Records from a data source
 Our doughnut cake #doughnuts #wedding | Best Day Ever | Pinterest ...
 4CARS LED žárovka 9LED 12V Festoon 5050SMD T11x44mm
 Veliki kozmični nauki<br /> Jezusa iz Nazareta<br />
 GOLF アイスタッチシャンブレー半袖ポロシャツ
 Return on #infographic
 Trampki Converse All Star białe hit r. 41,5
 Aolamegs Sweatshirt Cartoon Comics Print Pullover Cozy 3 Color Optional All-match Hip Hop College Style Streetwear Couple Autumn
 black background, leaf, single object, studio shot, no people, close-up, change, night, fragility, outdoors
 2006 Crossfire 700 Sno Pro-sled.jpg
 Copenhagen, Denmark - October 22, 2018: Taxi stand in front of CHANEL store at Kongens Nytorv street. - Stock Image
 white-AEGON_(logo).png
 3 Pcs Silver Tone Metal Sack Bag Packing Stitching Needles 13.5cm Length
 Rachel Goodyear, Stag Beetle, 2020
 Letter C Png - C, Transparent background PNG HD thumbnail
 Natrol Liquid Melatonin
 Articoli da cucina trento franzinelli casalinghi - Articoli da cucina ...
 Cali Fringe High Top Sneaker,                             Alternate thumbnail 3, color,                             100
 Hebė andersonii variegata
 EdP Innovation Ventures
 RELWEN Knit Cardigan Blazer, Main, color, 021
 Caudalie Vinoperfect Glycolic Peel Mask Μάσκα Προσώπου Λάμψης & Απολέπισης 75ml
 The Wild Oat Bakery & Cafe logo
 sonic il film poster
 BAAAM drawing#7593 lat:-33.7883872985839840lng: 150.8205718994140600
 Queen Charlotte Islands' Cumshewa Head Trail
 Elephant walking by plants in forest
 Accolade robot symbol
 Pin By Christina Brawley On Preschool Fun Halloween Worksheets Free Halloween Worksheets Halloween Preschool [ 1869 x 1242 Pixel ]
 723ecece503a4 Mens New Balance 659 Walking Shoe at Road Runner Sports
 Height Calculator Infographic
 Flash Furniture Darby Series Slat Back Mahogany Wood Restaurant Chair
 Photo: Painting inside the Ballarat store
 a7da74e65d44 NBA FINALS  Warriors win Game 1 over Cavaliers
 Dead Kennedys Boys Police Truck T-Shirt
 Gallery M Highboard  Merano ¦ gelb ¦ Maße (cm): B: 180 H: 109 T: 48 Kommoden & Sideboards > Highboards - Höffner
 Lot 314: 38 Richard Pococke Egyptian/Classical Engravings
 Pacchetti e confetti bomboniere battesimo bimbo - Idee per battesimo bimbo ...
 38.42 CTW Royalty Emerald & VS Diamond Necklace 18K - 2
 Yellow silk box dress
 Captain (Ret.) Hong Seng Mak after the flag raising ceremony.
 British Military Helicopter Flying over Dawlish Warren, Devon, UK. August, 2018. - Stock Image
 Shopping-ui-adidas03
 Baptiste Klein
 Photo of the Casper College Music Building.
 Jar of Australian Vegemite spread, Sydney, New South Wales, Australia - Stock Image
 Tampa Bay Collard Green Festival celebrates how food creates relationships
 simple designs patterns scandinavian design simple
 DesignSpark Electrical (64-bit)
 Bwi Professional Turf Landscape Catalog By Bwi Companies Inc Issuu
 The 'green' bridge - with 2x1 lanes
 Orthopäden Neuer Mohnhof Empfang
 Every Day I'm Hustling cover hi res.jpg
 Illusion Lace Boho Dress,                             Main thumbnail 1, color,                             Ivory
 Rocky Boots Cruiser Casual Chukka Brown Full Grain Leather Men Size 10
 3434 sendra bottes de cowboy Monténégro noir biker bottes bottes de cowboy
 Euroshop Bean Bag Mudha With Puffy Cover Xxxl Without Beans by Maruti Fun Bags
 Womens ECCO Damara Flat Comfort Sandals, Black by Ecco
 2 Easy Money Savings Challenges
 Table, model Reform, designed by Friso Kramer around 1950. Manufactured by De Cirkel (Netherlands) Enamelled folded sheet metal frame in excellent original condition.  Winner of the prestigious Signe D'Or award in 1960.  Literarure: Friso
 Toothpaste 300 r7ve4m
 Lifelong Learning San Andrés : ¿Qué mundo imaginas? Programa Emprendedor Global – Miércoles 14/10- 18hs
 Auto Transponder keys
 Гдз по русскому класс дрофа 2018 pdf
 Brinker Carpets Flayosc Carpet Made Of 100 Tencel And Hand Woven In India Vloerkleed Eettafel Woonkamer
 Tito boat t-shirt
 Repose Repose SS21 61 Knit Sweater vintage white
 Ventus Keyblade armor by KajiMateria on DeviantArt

- _THE TASK_: In exact wording, restate the lines of the data above from the first through the one holding "Aolamegs Sweatshirt Cartoon", and stop after that line.

- _FINAL ANSWER_:
 Our doughnut cake #doughnuts #wedding | Best Day Ever | Pinterest ...
 4CARS LED žárovka 9LED 12V Festoon 5050SMD T11x44mm
 Veliki kozmični nauki<br /> Jezusa iz Nazareta<br />
 GOLF アイスタッチシャンブレー半袖ポロシャツ
 Return on #infographic
 Trampki Converse All Star białe hit r. 41,5
 Aolamegs Sweatshirt Cartoon Comics Print Pullover Cozy 3 Color Optional All-match Hip Hop College Style Streetwear Couple Autumn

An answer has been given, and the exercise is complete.